We could just replace all the labels with random strings, and the model would have the same content

I think this is usually incorrect. The variables come with labels because the data comes with labels, and this is true even in deep learning. Stripping the labels changes the model content: with labels, it's a model of a known data generating process, and without the labels it's a model of an unknown data generating process.

Even with labels, I will grant that many joint probability distributions are extremely hard to understand.

Uninterpretable AI may to not be able to (quickly) self-improve, so it will be intrinsically safe in some aspect.

Humans can currently improve uninterpretable AI, and at a reasonably fast rate. I don't see why an AI can't do the same. (i.e. improve itself, or a copy of itself, or design a new AI that is improved)

One difference is that gpt-n doesn’t know its goals in explicit form, as they are hidden inside uninterpretable weights.

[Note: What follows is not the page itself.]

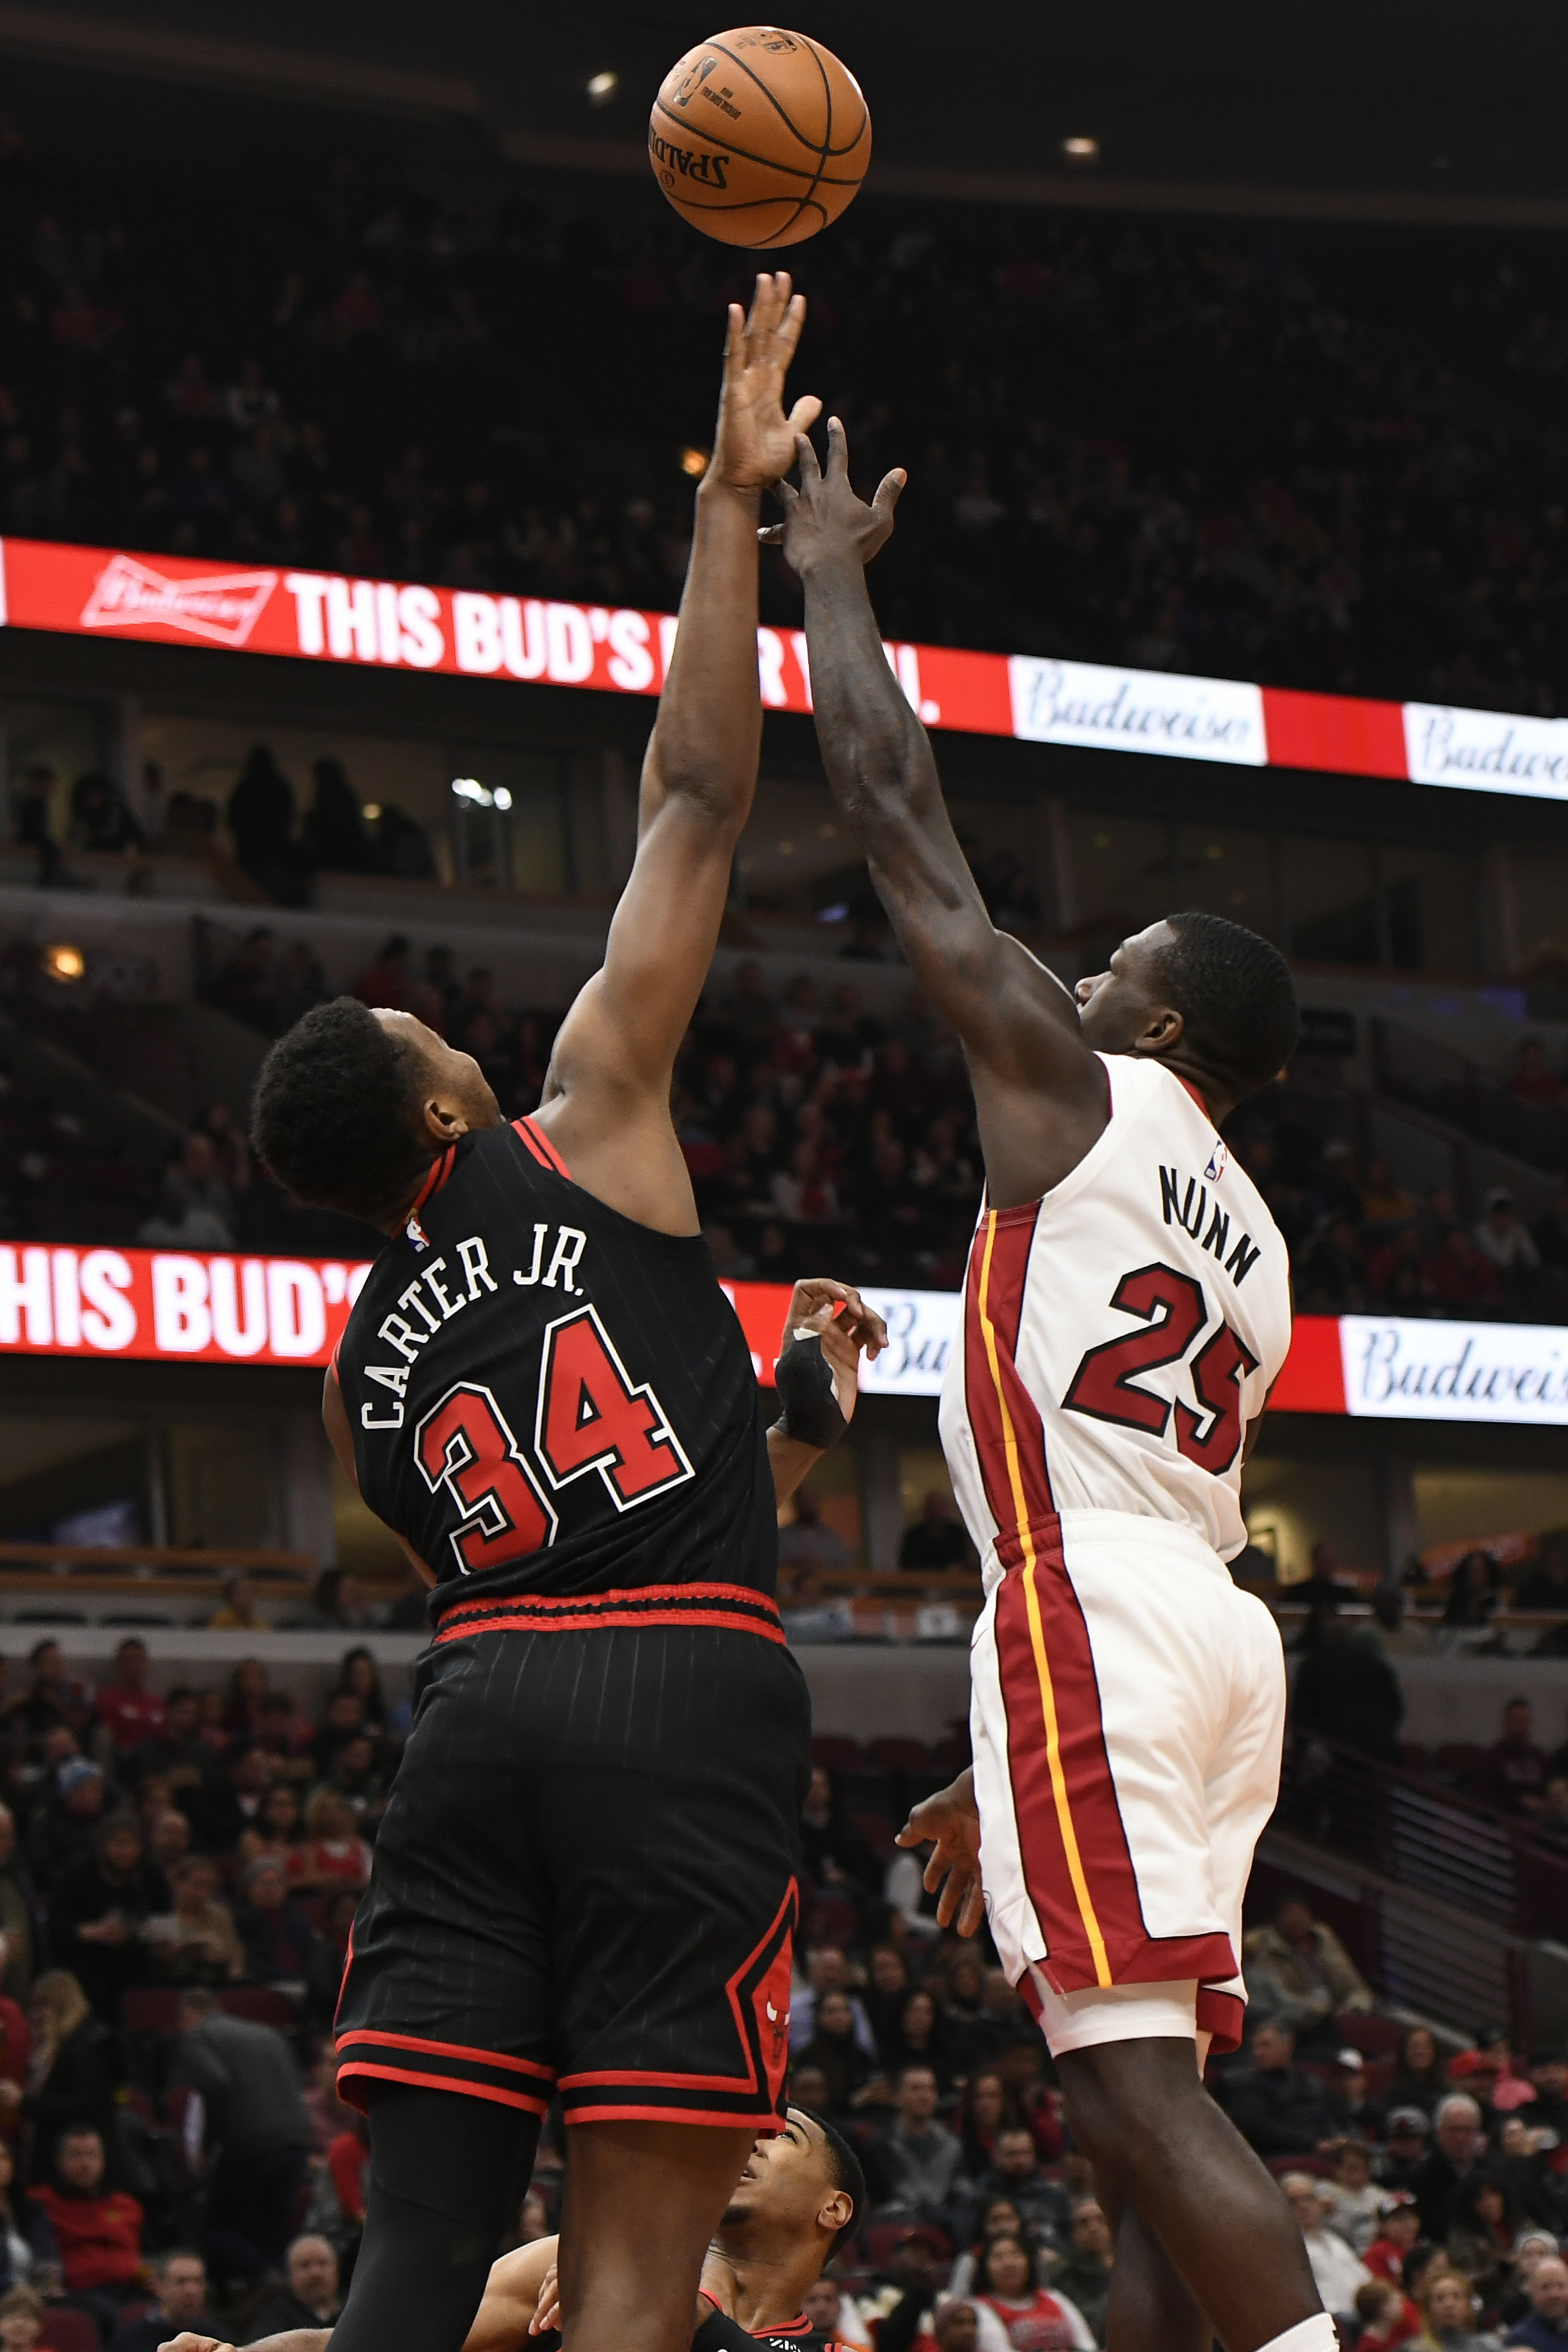 Butler scores 27 points against former team, Heat beat Bulls

And it will need to solve alignment problem for each new version of itself, which will be difficult for uninterpretable next versions. Therefore, it will have to spend more efforts on self-improvement.

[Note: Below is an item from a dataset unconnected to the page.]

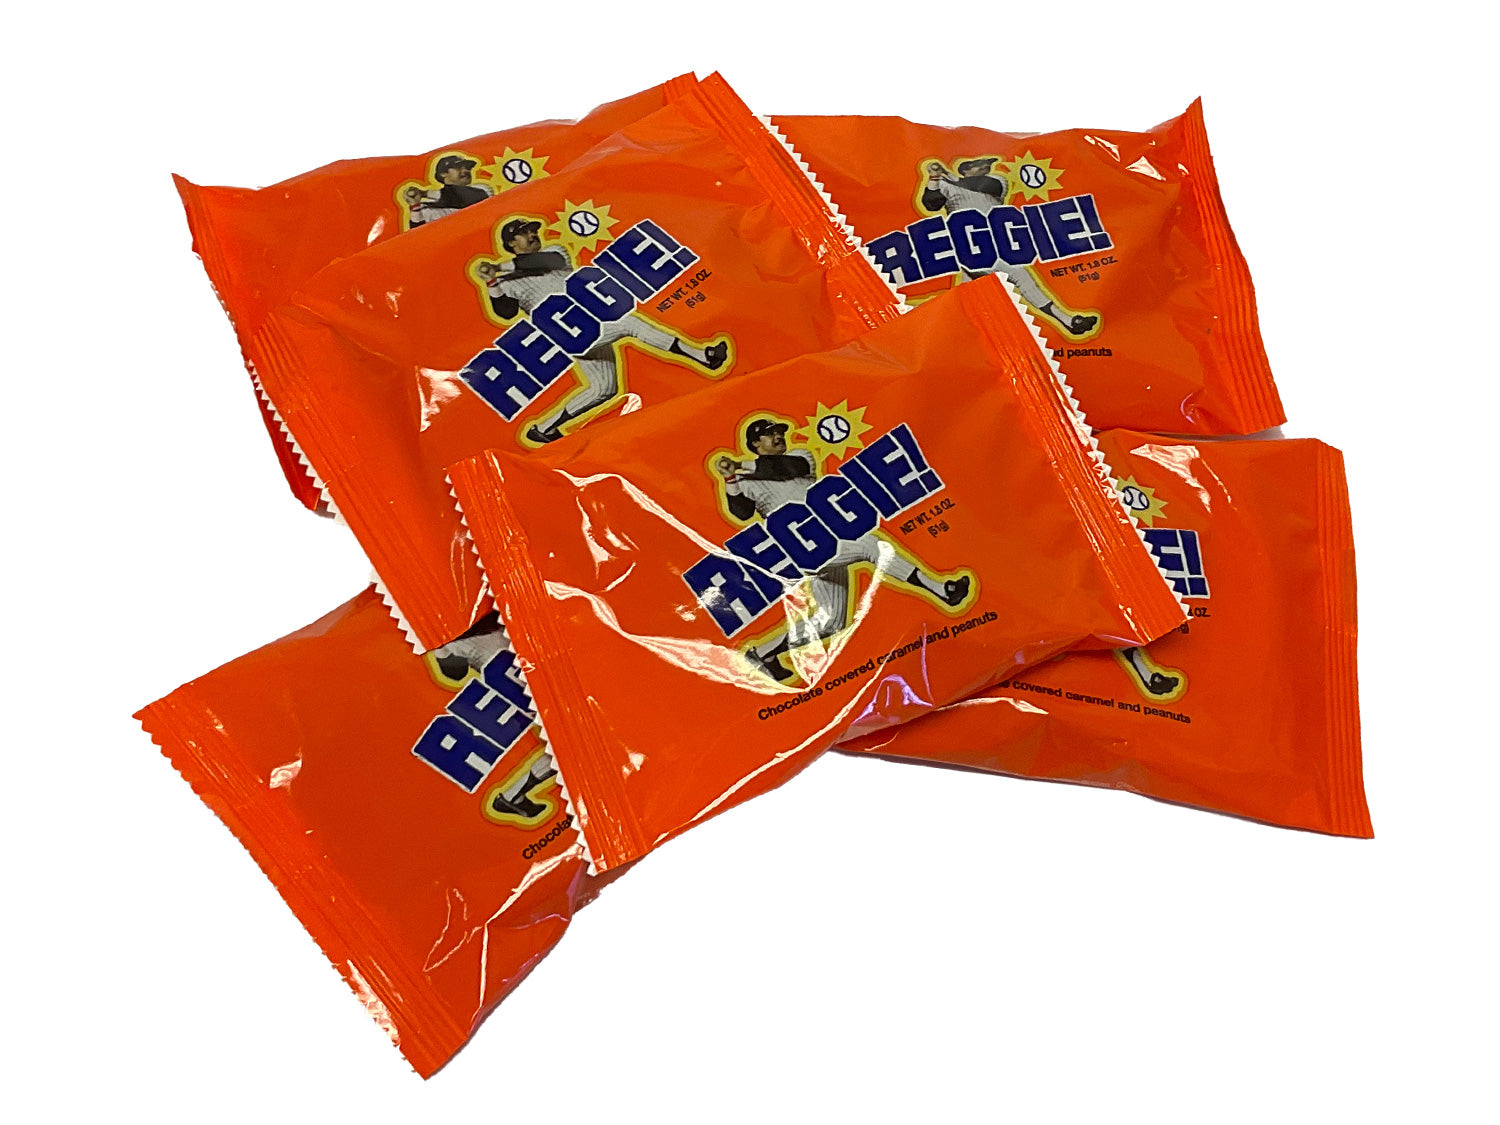 Reggie Candy Bar - 1.8 oz Bar - 6 Pack

Not just rewrite own code, but train many new versions. Such slow self-improvement will be difficult to hide.

If it expects that it would get astronomically more utility if it rather than some random future AI wins, it might build a new version of itself that is only 1% likely to be aligned to it.

The alignment problem doesn't get that much more difficult as your utility function gets more complicated. Once you've figured out how to get a superintelligent AGI to try to be aligned to you, you can let it figure out the mess of your goals.

I think that a probabilistic generative model with fewer nodes / elements can match the performance of a deep net with more nodes. But I think "fewer nodes" is still going to be millions or billions or trillions of nodes for an AGI, and I strongly agree with you that such a thing is going to be uninterpretable by default (i.e., absent some revolutionary advance in interpretability techniques). People doing probabilistic programming research seem to disagree with this (i.e. that their research is leading towards uninterpretable-by-default systems), for reasons I can't understand.

[-]xuanΩ670

Adding some thoughts as someone who works on probabilistic programming, and has colleagues who work on neurosymbolic approaches to program synthesis:

  • I think a lot of Bayes net structure learning / program synthesis approaches (Bayesian or otherwise) have the issue of uninformative variable names, but I do think it's possible to distinguish between structural interpretability and naming interpretability, as others have noted.
  • In practice, most neural or Bayesian program synthesis applications I'm aware of exhibit something like structural interpretability, because the hypothesis space they live in is designed by modelers to have human-interpretable semantic structure. Two good examples of this are the prior over programs that generate handwritten characters in Lake et al (2015), and the PCFG prior over Gaussian Process covariance kernels in Saad et al (2019). See e.g. Figure 6 on how you perform analysis on programs generated by this prior, to determine whether a particular timeseries is likely to be periodic, has a linear trend, has a changepoint, etc.
  • Regarding uninformative variable names, there's ongoing work on using natural language to guide program synthesis, so as to come up with more language-like conceptual abstractions (e.g. Wong et al 2021). I wouldn't be surprised if these approaches could also be extended to come up with informative variable and function names / comments. A related line of work is that people are starting to use LLMs to deobfuscate code (e.g. Lachaux et al 2021), and I expect the same techniques will work for synthesized code.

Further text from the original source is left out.